So you analyzed your mass spectrometry raw files and want to some post-processing steps. Look no further. This script will generate QC plots and volcano plots highlighting your proteins of interest.
Getting started is easy. Download the R script and analysis parameters file to your working directory. To do this:
- Click on the big green button in the top right that says
<> Codeand then click onDownload ZIP. - Place the files in your working directory
- Fill in the analysis parameter file accordingly.
- Open the R script with RStudio, select all and run it.
Note: - Installing the DEP package for the first time may take a while. Should be smooth sailing after that
Explanations are also present in the Excel file, when hovering over the parameter boxes.
analysis_method - One of "DiaNN", "MaxQuant" or "Proteome discoverer".
conditions - The amount of experimental variables. This can be either 2 (Condition A, Replicates) or 3 (Condition B, Condition A, Replicates). These variables should be present in the .raw file names.
filtering_type - Whether a protein should have a value in all samples ("complete") or all samples in at least one condition/group ("condition").
mass_spec - This should be present in the names of the .raw files. Required when selecting DiaNN as analysis method.
comparison - The type of comparison that will be tested. This can be all possible pairwise comparisons ("all") or limited to the comparisons versus the control ("control").
control - In case you choose "control" as your comparison, add the name of the control sample, e.g. DMSO, IgG, untreated, KO.
unique_peptides - The minimum amount of unique peptides a protein should be quantified with.
volcano - Specifiy which proteins to highlight in the volcano plot. Can be either a list of supplied protein names ("protein list"), all proteins above a supplied p-value and fold change cutoff ("specify significance") or the top N most differential proteins below a set p-value ("TopN").
proteins_to_highlight - list of protein names to be highlighted, separated by a semicolon (;).
p_value - p-value cutoff for significance. REQUIRED
log2_FC - log2 FC value cutoff for significance. REQUIRED
TopN - TopN number of proteins to highlight.
complete_output - If set to TRUE, the 'DEP_results' output file will contain a tab titled 'complete_output' containing the raw, normalized and imputated LFQ values for each sample, as well as all columns from the dep results object.
Make sure your .raw files and output are correctly named, as outlined below. Otherwise the script may not run succesfully.
.raw mass spec files - Please ensure that the abundance column names (and thus the .raw files) contain the name of the mass spectrometer used (e.g. Astral, Exploris) and the following information, in order and separated by an underscore:
- Condition A (e.g. Cell line)
- Condition B (e.g. WT and KO or treated and untreated)
- Replicate
Example: 20250205_Astral_AUR_DZ114_Wildtype_untreated_1.raw
DiaNN - Output files should end on *pg_matrix.tsv and *pr_matrix.tsv.

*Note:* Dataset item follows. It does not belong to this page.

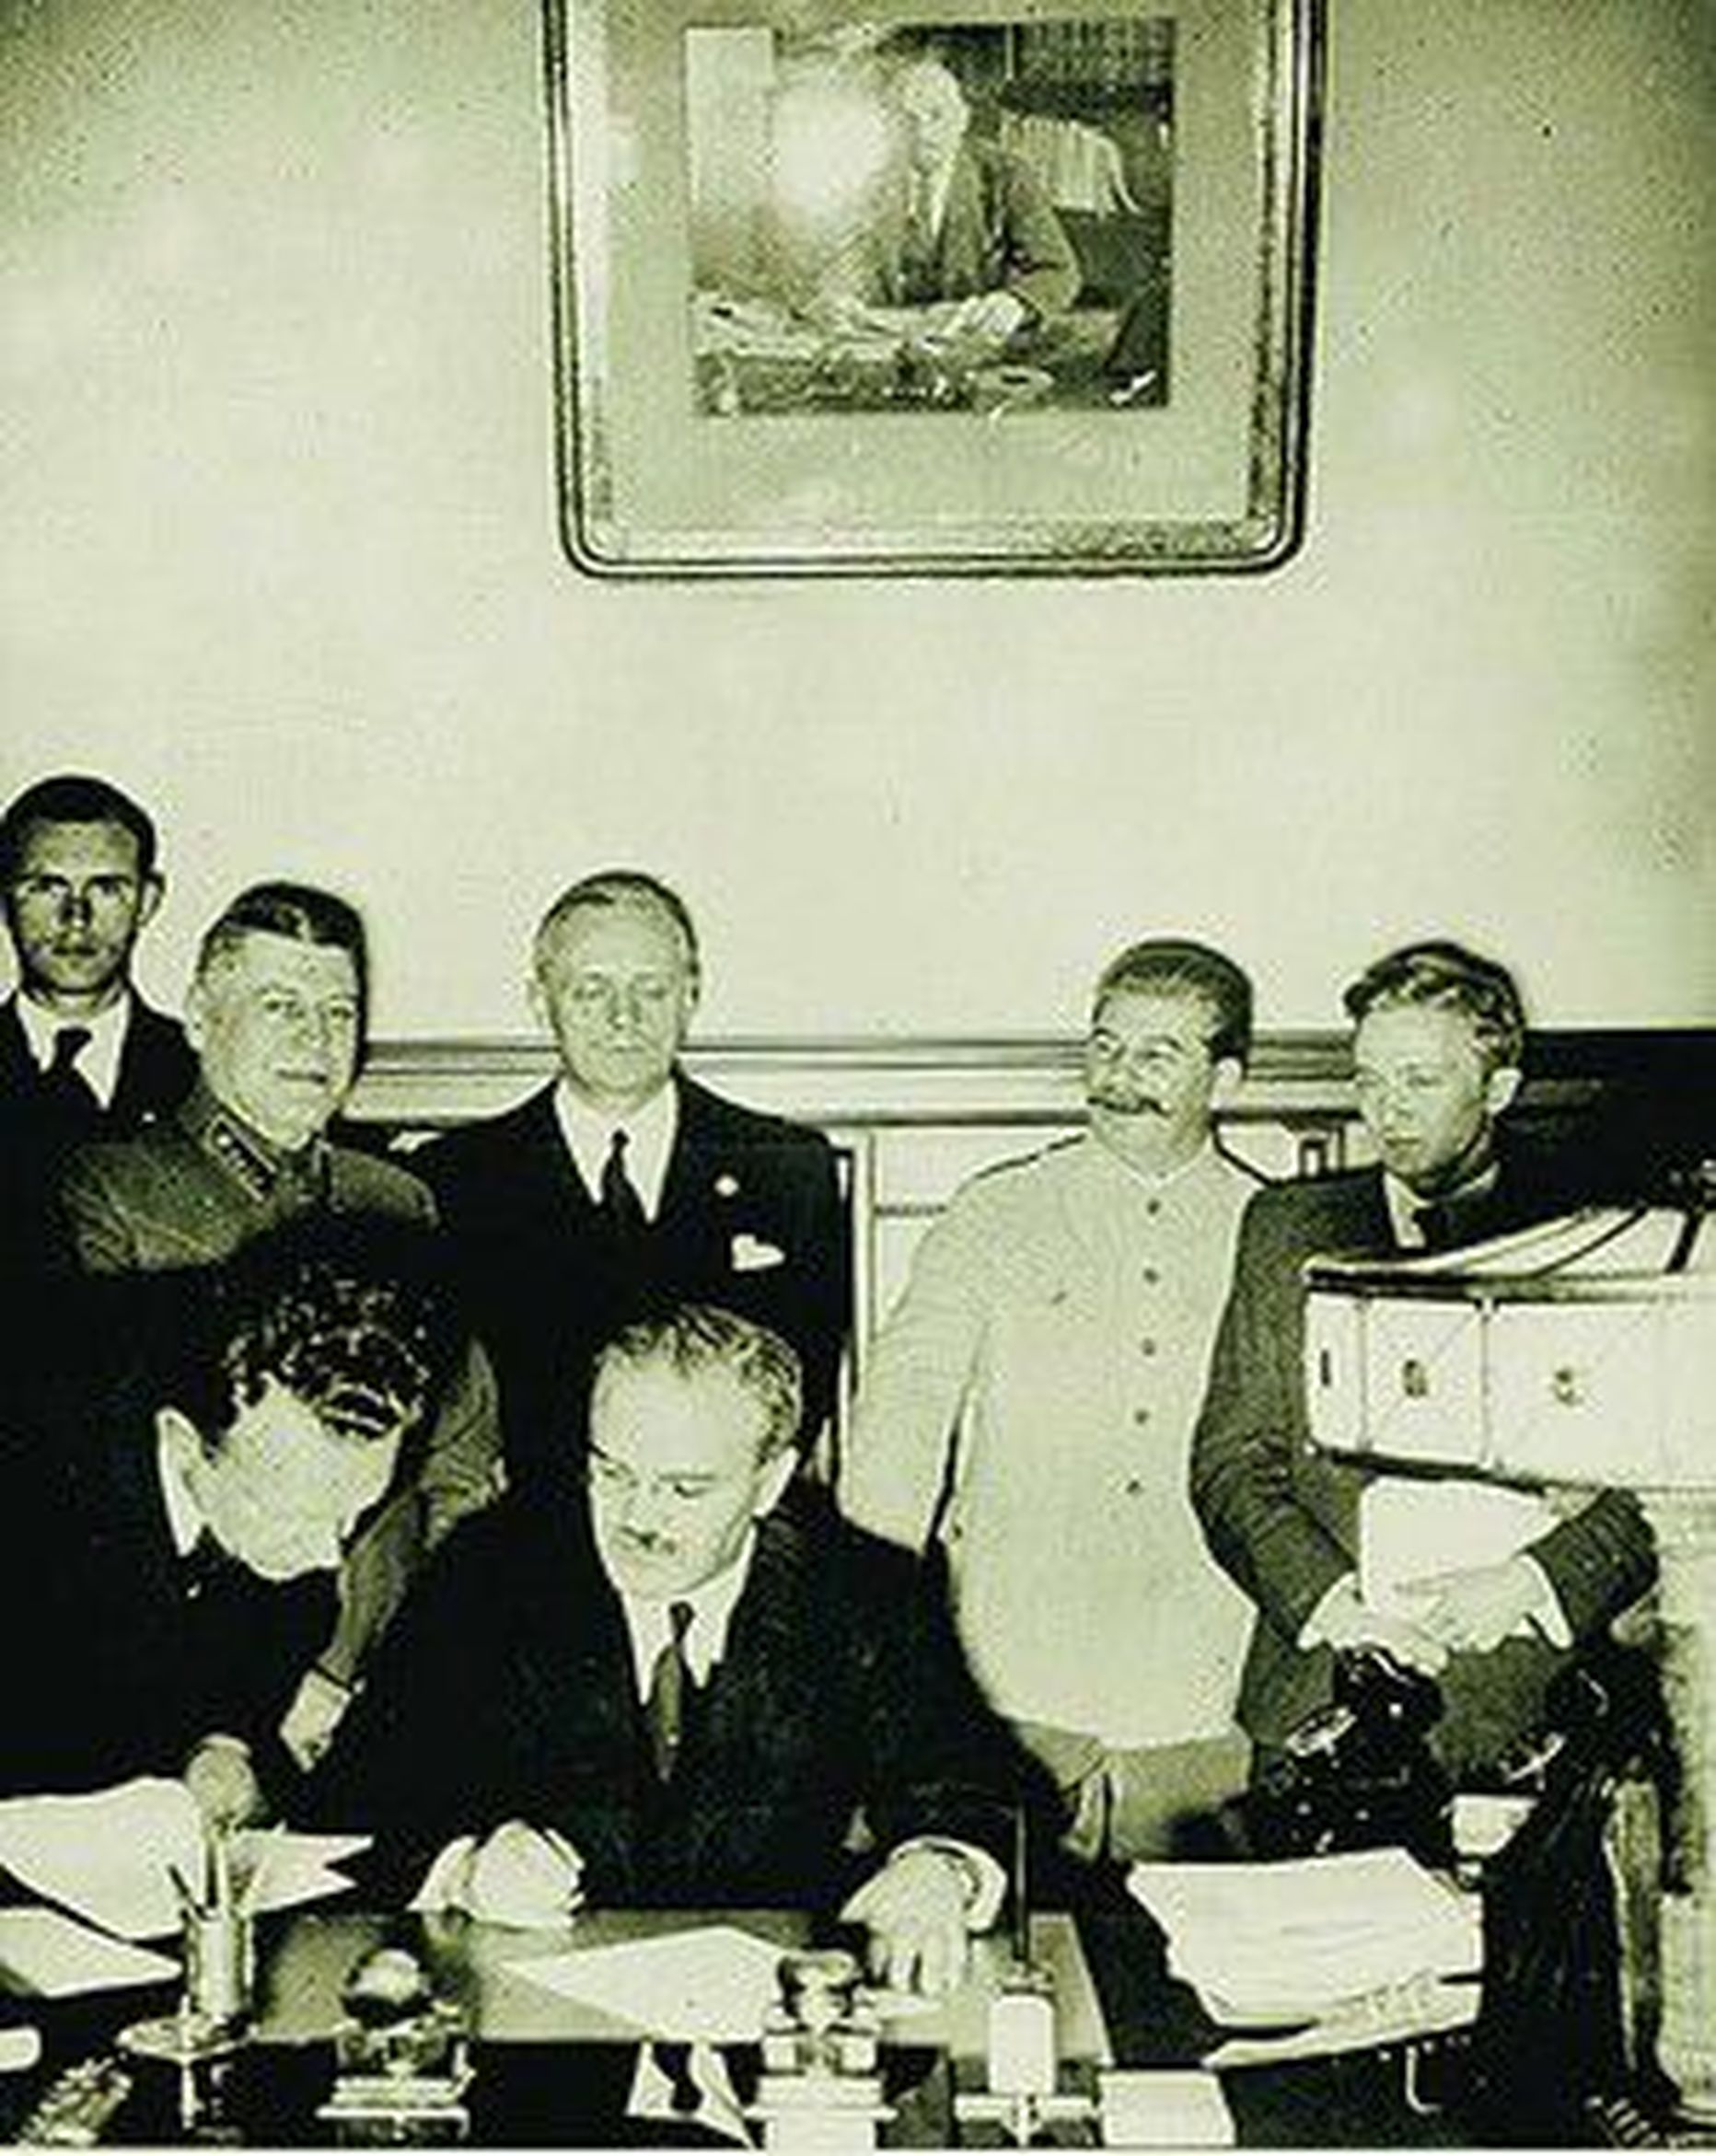 Molotov-Ribbentropi pakti allkirjastamine 23. augustil 1939. Molotov istub ees keskel, Ribbentrop seisab tema selja taga.

MaxQuant - Output file should end on *proteinGroups.txt and the experiment name should follow a similar format as the .raw mass spec files, as specified above.
Proteome Discoverer - Output file should end on *proteins.txt and the experiment name should follow a similar format as the .raw mass spec files, as specified above.
This script uses a lot of the DEP package, so credit to them for developing the package (Zhang X, Smits A, van Tilburg G, Ovaa H, Huber W, Vermeulen M (2018). “Proteome-wide identification of ubiquitin interactions using UbIA-MS.” Nature Protocols, 13, 530–550).